4) carrying out salient region division on the medical image with the digital watermark through a threshold, carrying out lossless coding compression processing on the salient region, and carrying out lossy coding compression processing on the non-salient region; therefore, high-quality transmission or priority transmission management is carried out on the salient region, and the purpose of protecting important information in the medical image is achieved.
The following describes embodiments of the present invention through an algorithmic experiment and tests of the inventive treatment method. The hardware test environment of the algorithm of the invention is as follows: inter (R) core (TM) i7-6700K CPU, software python 3.5, test environment PyTorch 1.0; the contrast method is a medical image management method based on GF, a medical image management method based on Faster-rcnn and a medical image management method based on DE-LP.

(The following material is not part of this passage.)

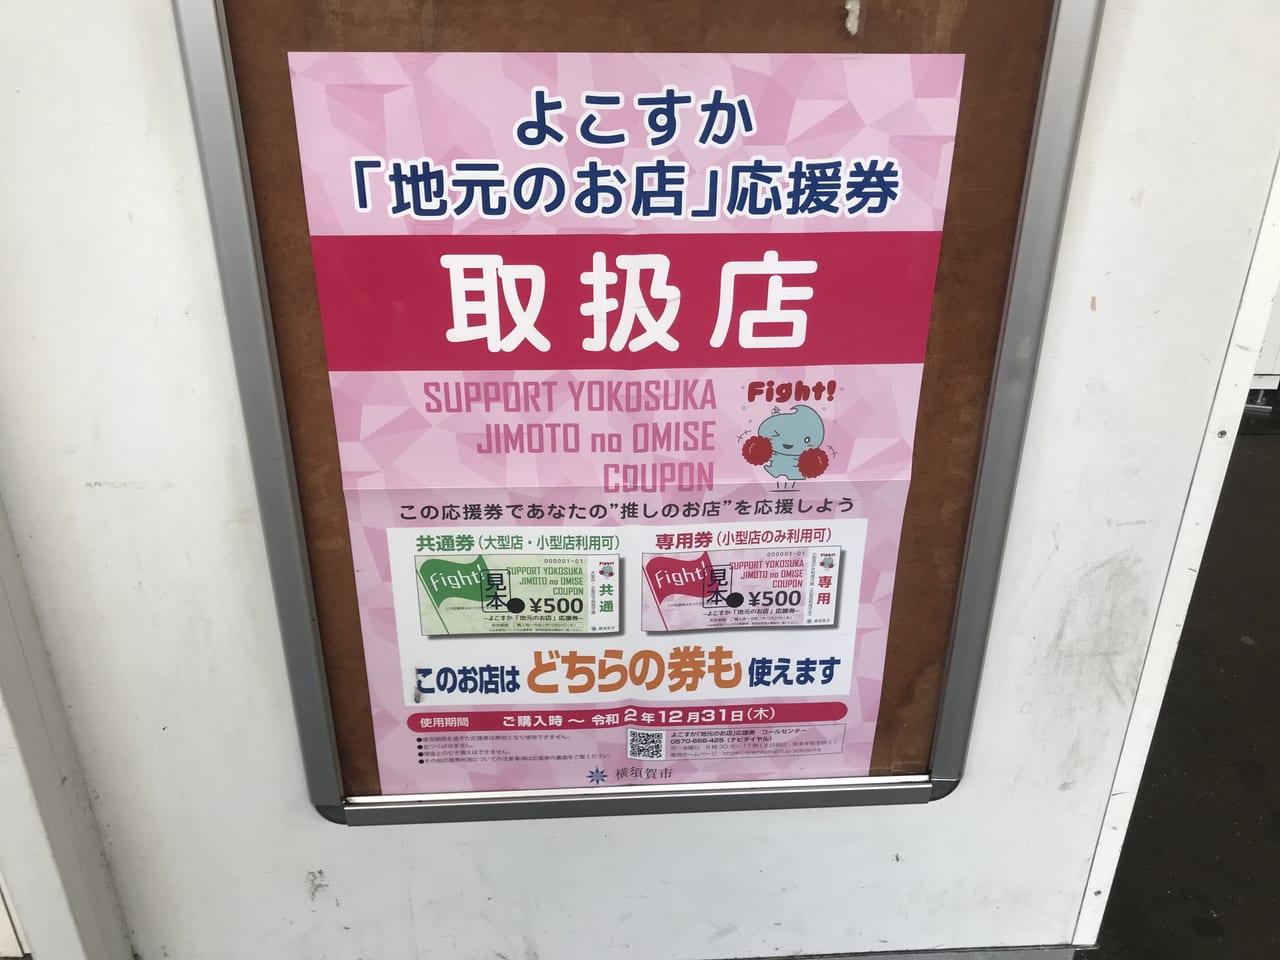 応援 券 横須賀

In the algorithmic experiments described in the present invention, the data sets were medical images of 5000 different patients from three hospitals. In the experiment, medical image data is input into the medical image management method, and the accuracy of medical image fusion is used as an evaluation index of feasibility of the method.

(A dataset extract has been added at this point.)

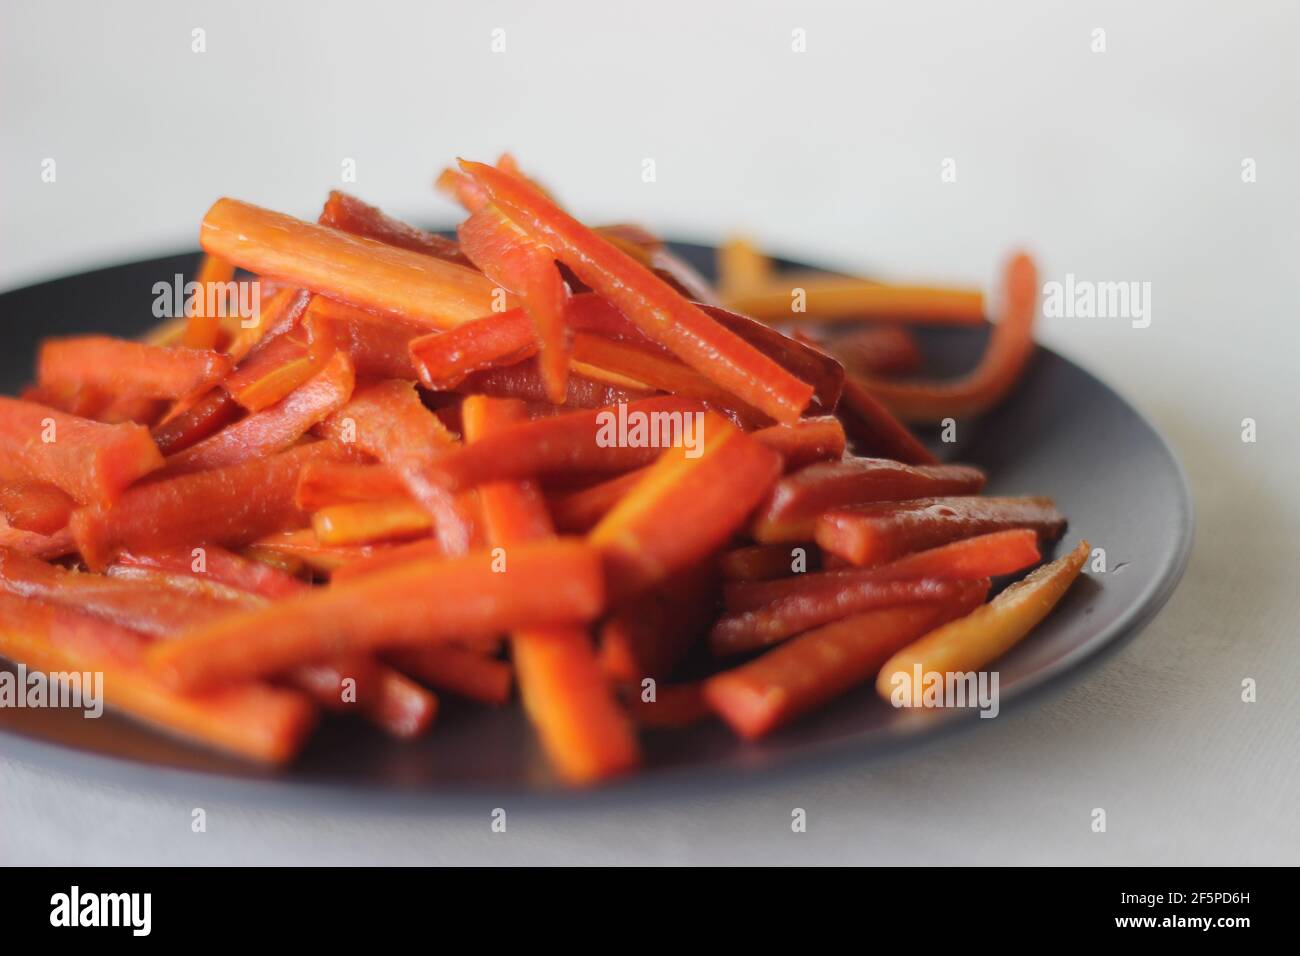 Bâtonnets de carottes caramélisés. Les carottes sautées avec du beurre et du sucre. Une collation rapide et saine. Prise de vue sur fond blanc Banque D'Images

According to the experimental result, the medical image fusion accuracy of the medical image management method based on GF is 73.63%, the medical image fusion accuracy of the medical image management method based on Faster-rcnn is 77.88%, the medical image fusion accuracy of the medical image management method based on DE-LP is 82.19%, and the medical image fusion accuracy of the method is 84.62%.
The invention also provides a medical image acquisition management system. Fig. 2 is a schematic diagram of an internal structure of a medical image acquisition management system according to an embodiment of the present invention.
In the present embodiment, the medical image acquisition management system 1 includes at least a medical image acquisition device 11, a medical image processor 12, a medical image acquisition management device 13, a communication bus 14, and a network interface 15.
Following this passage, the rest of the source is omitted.